JACリクルートメント(2124)は、幹部級・高額案件に強い人材紹介会社です。年収1500万円超のハイクラス人材の転職をお手伝いする会社で、アジアを中心に海外展開もしています。1988年設立、2006年に東証上場。現在は東証プライム(JPX400採用)で、時価総額は約1,442億円です。


こびと株チェックリスト 徹底分析

【利回り基準】

項目 基準 JACの実績 判定
税引前配当利回り 3.75%以上 4.37% ⭕️ 合格
配当政策 明確か 配当性向60〜65%→65%超へ引き上げ明記 ⭕️ 合格
配当継続力 蓄えあるか 現金153億円・利益剰余金239億円 ⭕️ 合格

【業績・財務】

項目 基準 JACの実績 判定
売上高 長期右肩上がり 2010年42.8億→2025年461億(約10.8倍 ⭕️ 合格
営業利益率 10%以上 25.35%(2025年) ⭕️⭕️ 大合格
EPS・BPS 増加傾向 EPS: 2.78→52.98、BPS: 10.49→141.06 ⭕️ 合格
自己資本比率 50%以上 72.3% ⭕️ 合格
流動比率 200%以上 要確認(四季報上では未掲載) 🔺
現金比率 高く増加傾向 現金153億/総資産309億=約49.5% ⭕️ 合格
営業CF・FCF 重視 営業CF 95.7億・FCF 7.89億(2025年) ⭕️ 合格
有利子負債 少ないほど良い 0円(無借金経営) ⭕️⭕️ 大合格

結論:基準をほぼ全てクリアする優良企業です。


「えっ?」と思う数字にフォーカス

ここからが本題ですね。かおるさんが気になる3つの疑問に答えます。

なぜPBRが6.17倍と高いのか?

こびと株の基準では「PBR2倍が目安、3倍以上は割高」とされていますよね。JACは6.17倍と、基準の倍以上です。

理由は「驚異的な資本効率」にあります。

JACは工場も在庫も持たない人材紹介ビジネスなので、簿価(BPS)そのものが小さく出ます。一方で、1人あたり営業利益487万円という高収益体質で、株主資本をどんどん増やせる会社です。

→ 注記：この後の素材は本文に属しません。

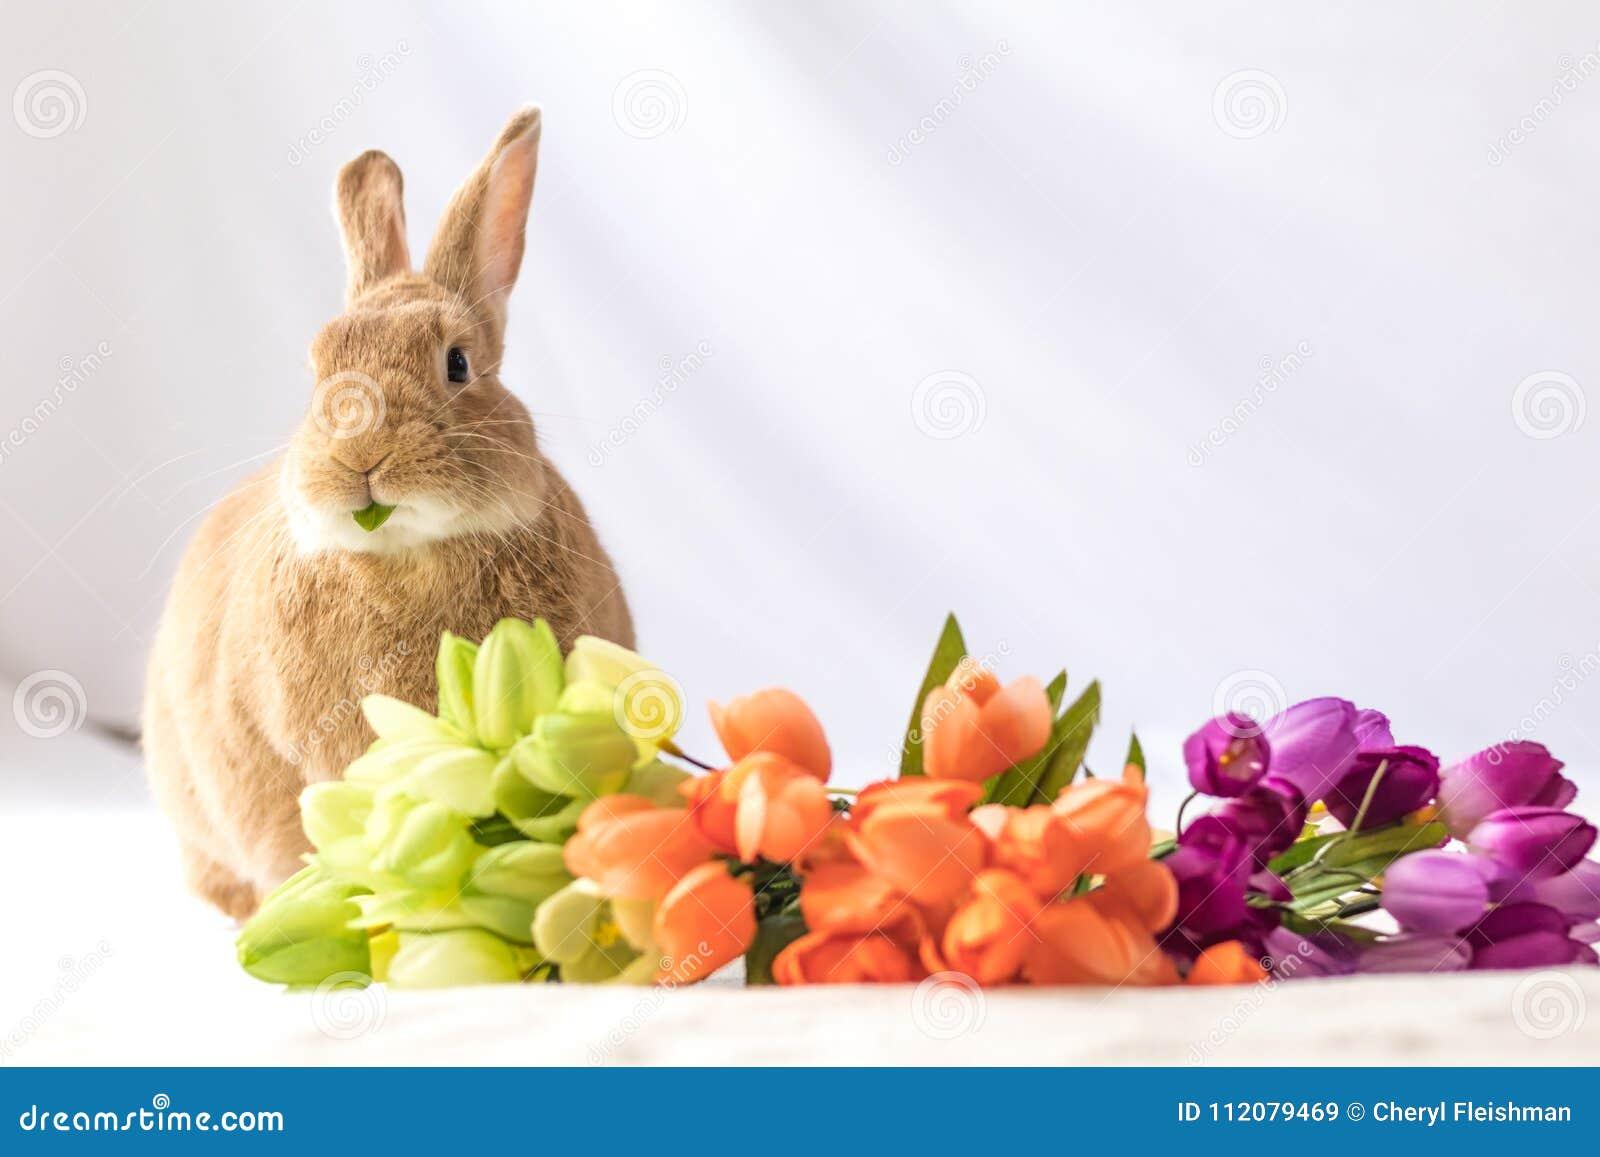 Tan和Rufus色的复活节兔子兔子做滑稽的表示反对在葡萄酒设置的软的背景和郁金香花

市場は「この会社はBPS(141円)以上の価値を生み出し続ける」と評価しているため、PBRが高くなります。PBRが高い=即割高 ではなく、**「稼ぐ力が簿価に表れていない」**と考えるのが正確です。

ただし、こびと株の視点では**「失望したときに株価が大きく下がるリスク」**を忘れてはいけません。まさに今、それが起きています(後述)。

なぜ2025年から株価が下がっているのか?

チャートを見ると、2025年後半のピーク約1,100円から、現在870円まで約21%下落しています。業績は絶好調なのに、なぜ?

私の読み解きはこうです:

(1) 高PBRの宿命 PBR6倍超まで買われた=期待が極限まで織り込まれた状態でした。そこから少しでも成長鈍化の兆しが見えると、失望売りが出やすくなります。

(2) 2026年予想の成長率鈍化

  • 売上:461億→532億(+15.4%
  • 営業利益:117億→126億(+7.7%
  • 当期利益:84億→86億(+2.4%

過去数年の爆発的な伸びと比べると、利益成長が明らかに減速しています。これが市場の失望を招いた可能性が高いです。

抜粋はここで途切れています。